Reihan, Shaked, Sun 5.8.12, Morning
Translator: Charles K.
Even though we arrived early, almost all the gates were already open. The concrete cubes and plastic barriers had been taken away or moved to the roadside. At 07:00 the first laborers arrive from the West Bank on their way to the seam zone, and also a herd of goats. A festively-dressed family and a solitary student cross to the West Bank. A few cars from the seam zone wait for laborers.
Eight loaded trucks and pickups enter for initial inspection. A truck laden with packages of frozen (for now) meat from Uruguay in the parking lot on the Palestinian side. We were told the meat had been unloaded from a refrigerated truck which is apparently not authorized to cross to the seam zone. About five hours will pass before the meat reaches the butchers’ refrigerators in Barta’a.

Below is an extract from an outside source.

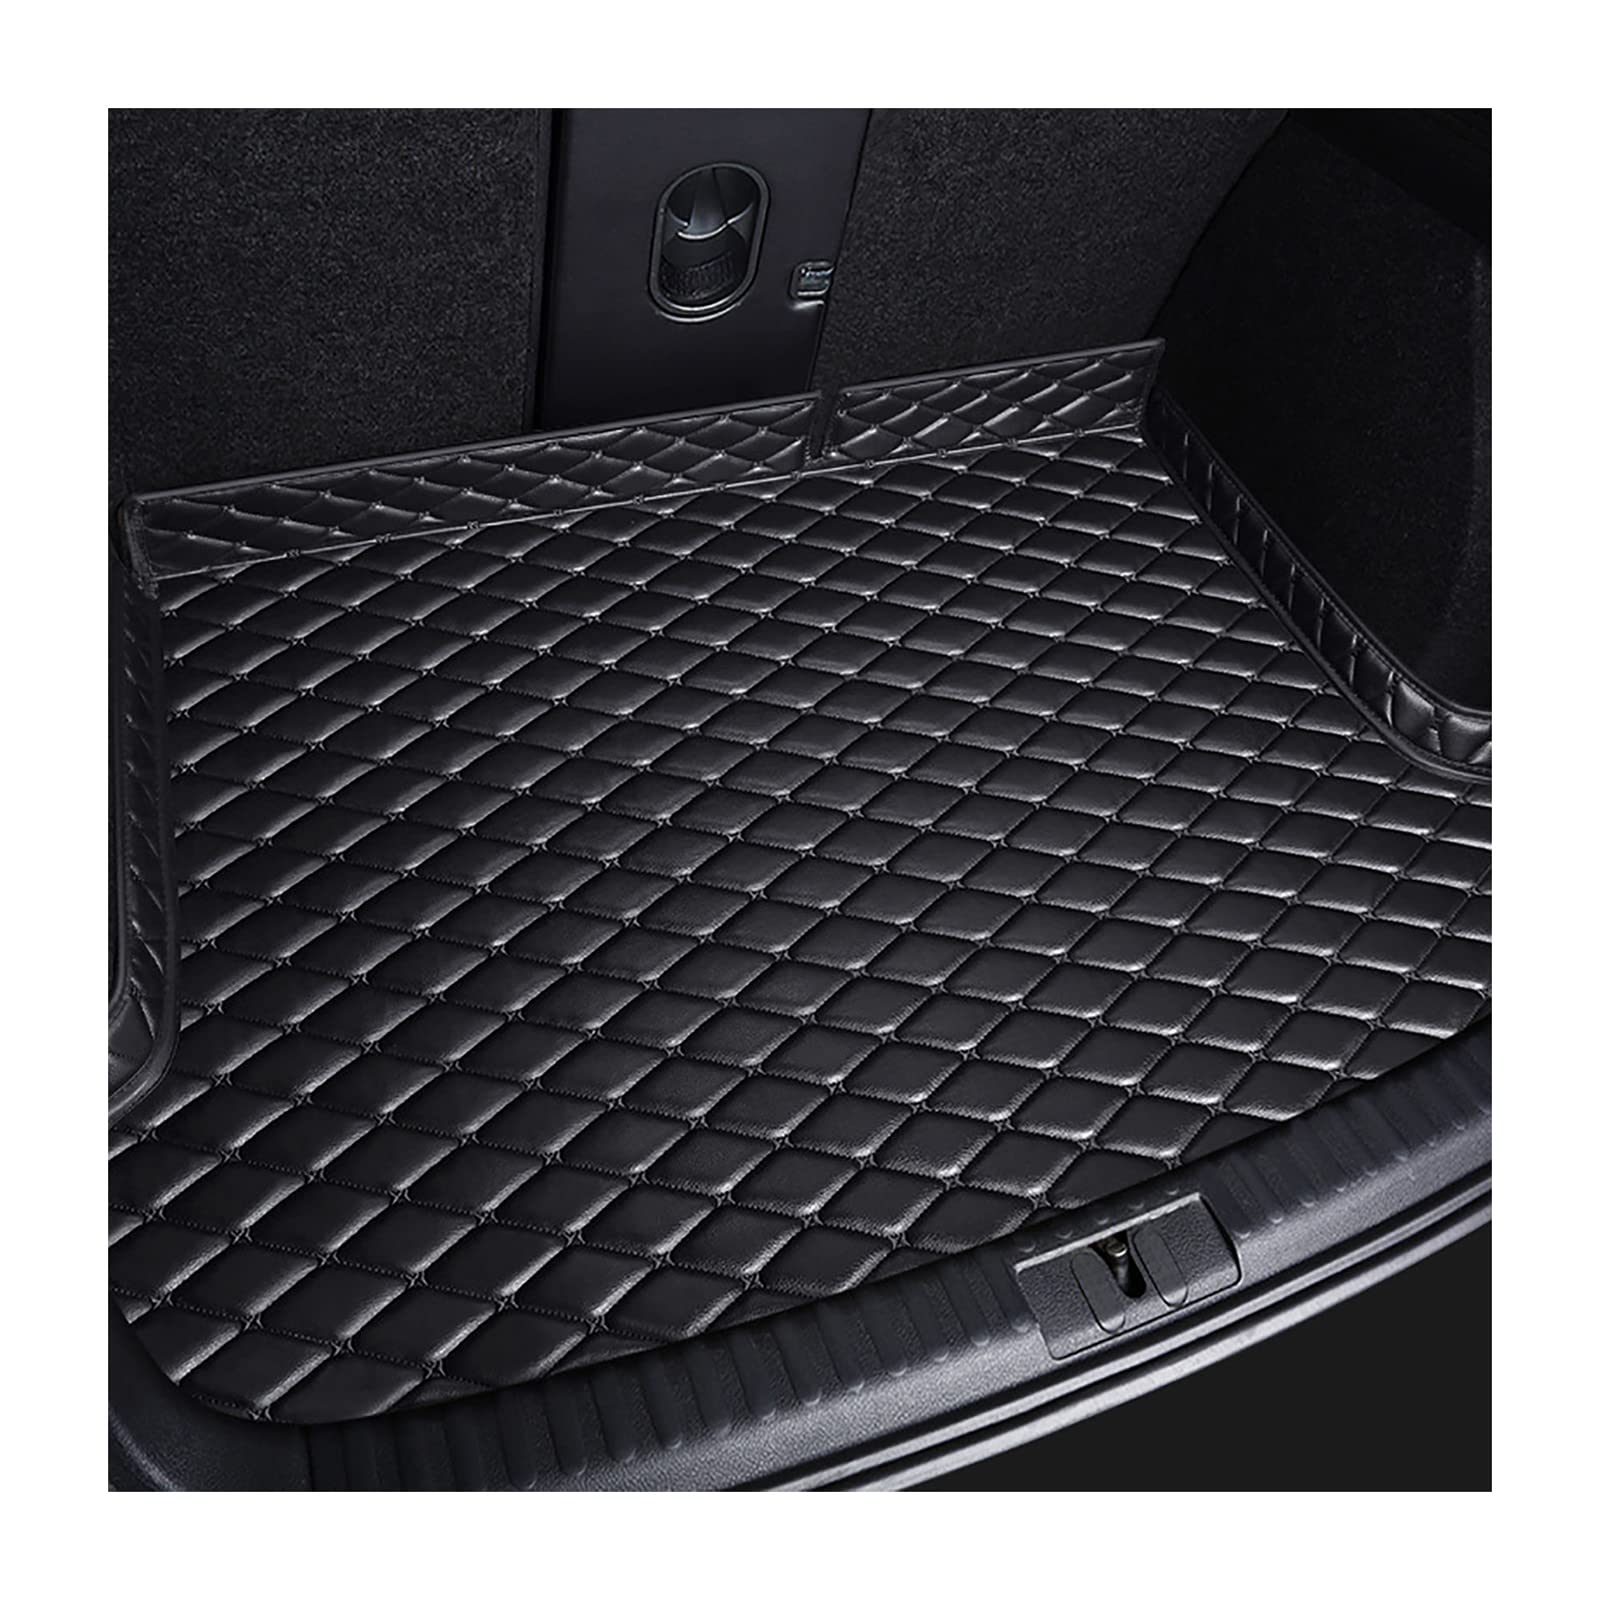 Car Boot Protection Mat mit Erhöhtem Rand, Kompatibel mit BMW 2 Series 2 door 2018+, Boot Protector Boot Mat Accessories,1-All Black von YPGHBHD

A man from Yabed who arrived at the checkpoint at 05:00 is waiting in the shed. He has a bag with two bottles of milk, a gift for his sister in Barta’a. He was told he may bring the goods through only at 09:00. He waits patiently, even somewhat amused. Does he know what we’ll learn only at 11:15? We summon the person in charge who arrives quickly to tell us nothing can be done, those are the rules; he isn’t able/allowed to explain them to us but assures us they’re not at all arbitrary although that’s how it seems to us. Nor is he willing to put the milk in the refrigerator. When we phoned Sharon, the manager of the checkpoint, he said he’s not aware of that rule and promised to look into it. And in fact, at 11:15, as noted (the delay was caused by problems with our phones), we received an authorized response from Sharon, the manager: There was a misunderstanding regarding the regulation dealing with equipment and merchandise. Merchandise?! We express amazement – we’re talking about two bottles of milk. Yes, says Sharon, we made the regulation more explicit. Unfortunately it didn’t occur to us to record the identity of the man who was detained for 4 hours without even being given an explanation for the absurd delay.
The checkpoint is manned, the soldiers moving cars through without delays. One asks us if we have authorization to be there.
For Mireleh’s benefit, we also visit Hermesh. The new neighborhood built not far from the gate is still uninhabited, as it was on our previous visit; it appears neglected. Most of the other buildings in the locality look well-cared for.
08:55 We returned to the Barta’a checkpoint. The meat truck has in the meantime parked on the road, waiting to enter inspection. The owner of the milk bottles joins a short line before the locked gate which opens at 09:00 for people to enter five at a time. Incidentally: the bathrooms in the lower parking lot are filthy.